The Fall of Arthur, the only venture by J.R.R. Tolkien into the legends of Arthur, king of Britain, may well be regarded as his finest and most skillful achievement in the use of Old English alliterative meter, in which he brought to his transforming perceptions of the old narratives a pervasive sense of the grave and fateful nature of all that is told: of Arthur’s expedition overseas into distant heathen lands, of Guinevere’s flight from Camelot, of the great sea battle on Arthur’s return to Britain, in the portrait of the traitor Mordred, in the tormented doubts of Lancelot in his French castle.

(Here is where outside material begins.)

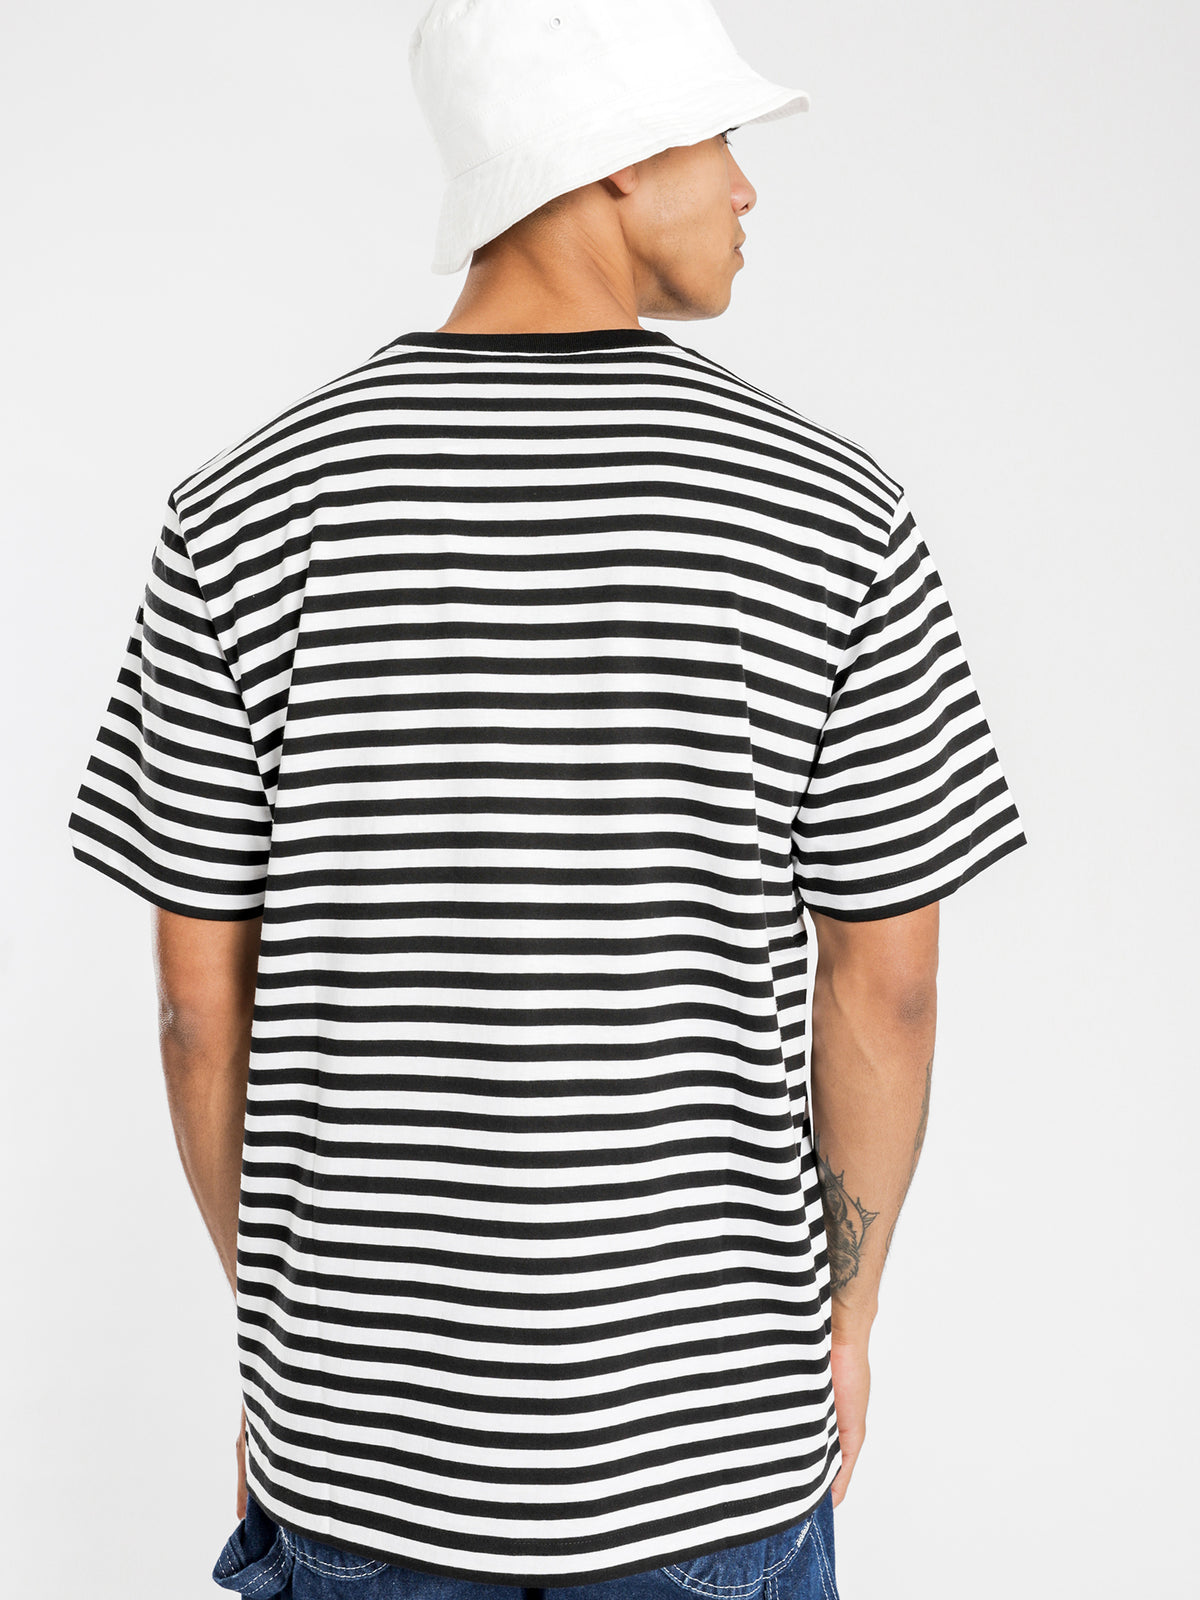 Haldon Pocket Short Sleeve T-Shirt in Black &amp; White Stripe

Unhappily, The Fall of Arthur was one of several long narrative poems that Tolkien abandoned. He evidently began it in the 1930s, and it was sufficiently advanced for him to send it to a very perceptive friend who read it with great enthusiasm at the end of 1934 and urgently pressed him, "You simply must finish it!" But in vain: he abandoned it at some unknown date, though there is evidence that it may have been in 1937, the year of publication of The Hobbit and the first stirrings of The Lord of the Rings. Years later, in a letter of 1955, he said that he "hoped to finish a long poem on The Fall of Arthur," but that day never came.
Associated with the text of the poem, however, are many manuscript pages: a great quantity of drafting and experimentation in verse, in which the strange evolution of the poem’s structure is revealed, together with narrative synopses and significant tantalizing notes. In these notes can be discerned clear if mysterious associations of the Arthurian conclusion with The Silmarillion, and the bitter ending of the love of Lancelot and Guinevere, which was never written.
Christopher Tolkien (1924–2020) was the third son of J.R.R. Tolkien. Appointed by Tolkien to be his literary executor, he devoted himself to the editing and publication of unpublished writings, notably The Silmarillion, Unfinished Tales, and The History of Middle-earth.
J.R.R. Tolkien (1892–1973) was a distinguished academic, though he is best known for writing The Hobbit, The Lord of the Rings, and The Silmarillion, plus other stories and essays. His books have been translated into over sixty languages and have sold many millions of copies worldwide.